**Task to carry out**
Reply only with how many lines in these entries hold the string "wedding".

[Items from a data source]
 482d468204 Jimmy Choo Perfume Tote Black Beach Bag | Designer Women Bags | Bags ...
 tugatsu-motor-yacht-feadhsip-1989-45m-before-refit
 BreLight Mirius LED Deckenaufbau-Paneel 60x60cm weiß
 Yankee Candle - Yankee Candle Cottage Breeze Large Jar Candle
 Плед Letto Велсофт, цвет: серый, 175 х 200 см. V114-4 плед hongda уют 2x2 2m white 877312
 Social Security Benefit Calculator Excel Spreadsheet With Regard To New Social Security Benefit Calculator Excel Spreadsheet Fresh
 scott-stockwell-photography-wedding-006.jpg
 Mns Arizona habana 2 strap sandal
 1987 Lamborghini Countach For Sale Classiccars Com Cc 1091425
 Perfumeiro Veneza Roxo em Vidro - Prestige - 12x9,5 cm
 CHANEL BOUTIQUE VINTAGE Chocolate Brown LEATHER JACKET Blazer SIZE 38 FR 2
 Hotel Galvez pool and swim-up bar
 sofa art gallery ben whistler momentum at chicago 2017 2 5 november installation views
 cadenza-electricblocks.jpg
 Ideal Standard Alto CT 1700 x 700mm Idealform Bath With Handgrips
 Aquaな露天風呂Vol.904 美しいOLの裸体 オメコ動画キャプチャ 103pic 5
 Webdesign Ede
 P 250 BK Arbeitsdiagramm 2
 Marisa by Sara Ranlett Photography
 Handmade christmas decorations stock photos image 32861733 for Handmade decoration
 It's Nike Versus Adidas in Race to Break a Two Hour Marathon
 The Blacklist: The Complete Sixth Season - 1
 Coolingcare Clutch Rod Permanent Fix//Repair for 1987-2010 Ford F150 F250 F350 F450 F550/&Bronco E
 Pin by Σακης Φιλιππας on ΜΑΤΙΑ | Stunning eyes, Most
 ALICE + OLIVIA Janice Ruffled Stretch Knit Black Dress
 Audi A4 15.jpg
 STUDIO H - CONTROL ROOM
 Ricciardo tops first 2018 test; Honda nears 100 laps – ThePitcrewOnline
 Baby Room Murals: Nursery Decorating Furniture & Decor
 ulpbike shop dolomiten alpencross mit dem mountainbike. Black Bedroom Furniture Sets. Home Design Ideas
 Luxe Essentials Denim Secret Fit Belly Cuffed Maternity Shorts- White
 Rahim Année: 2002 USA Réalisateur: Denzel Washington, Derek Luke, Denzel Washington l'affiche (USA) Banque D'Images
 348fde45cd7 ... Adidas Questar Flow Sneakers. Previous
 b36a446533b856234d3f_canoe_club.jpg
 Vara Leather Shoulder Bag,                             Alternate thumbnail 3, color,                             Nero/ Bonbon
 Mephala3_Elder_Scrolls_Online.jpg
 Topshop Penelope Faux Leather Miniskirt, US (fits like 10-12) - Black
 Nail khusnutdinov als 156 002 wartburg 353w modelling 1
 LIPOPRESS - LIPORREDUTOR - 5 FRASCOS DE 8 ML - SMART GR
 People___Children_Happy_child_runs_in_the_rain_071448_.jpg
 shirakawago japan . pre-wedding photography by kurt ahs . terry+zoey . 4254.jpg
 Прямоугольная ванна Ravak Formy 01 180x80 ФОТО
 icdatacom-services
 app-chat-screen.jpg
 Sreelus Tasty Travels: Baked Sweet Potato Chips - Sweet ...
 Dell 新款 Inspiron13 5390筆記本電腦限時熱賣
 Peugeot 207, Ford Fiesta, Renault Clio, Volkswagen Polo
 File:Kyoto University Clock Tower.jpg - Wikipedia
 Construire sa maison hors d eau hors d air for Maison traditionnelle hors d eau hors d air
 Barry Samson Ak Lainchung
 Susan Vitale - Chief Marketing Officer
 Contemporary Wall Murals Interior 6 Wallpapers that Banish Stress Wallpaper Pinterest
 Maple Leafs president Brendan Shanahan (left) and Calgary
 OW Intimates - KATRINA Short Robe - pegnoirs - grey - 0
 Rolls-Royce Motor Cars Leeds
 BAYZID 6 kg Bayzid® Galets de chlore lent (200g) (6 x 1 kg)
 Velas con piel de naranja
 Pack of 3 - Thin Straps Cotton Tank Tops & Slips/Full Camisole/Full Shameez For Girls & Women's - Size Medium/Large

**Written response**
2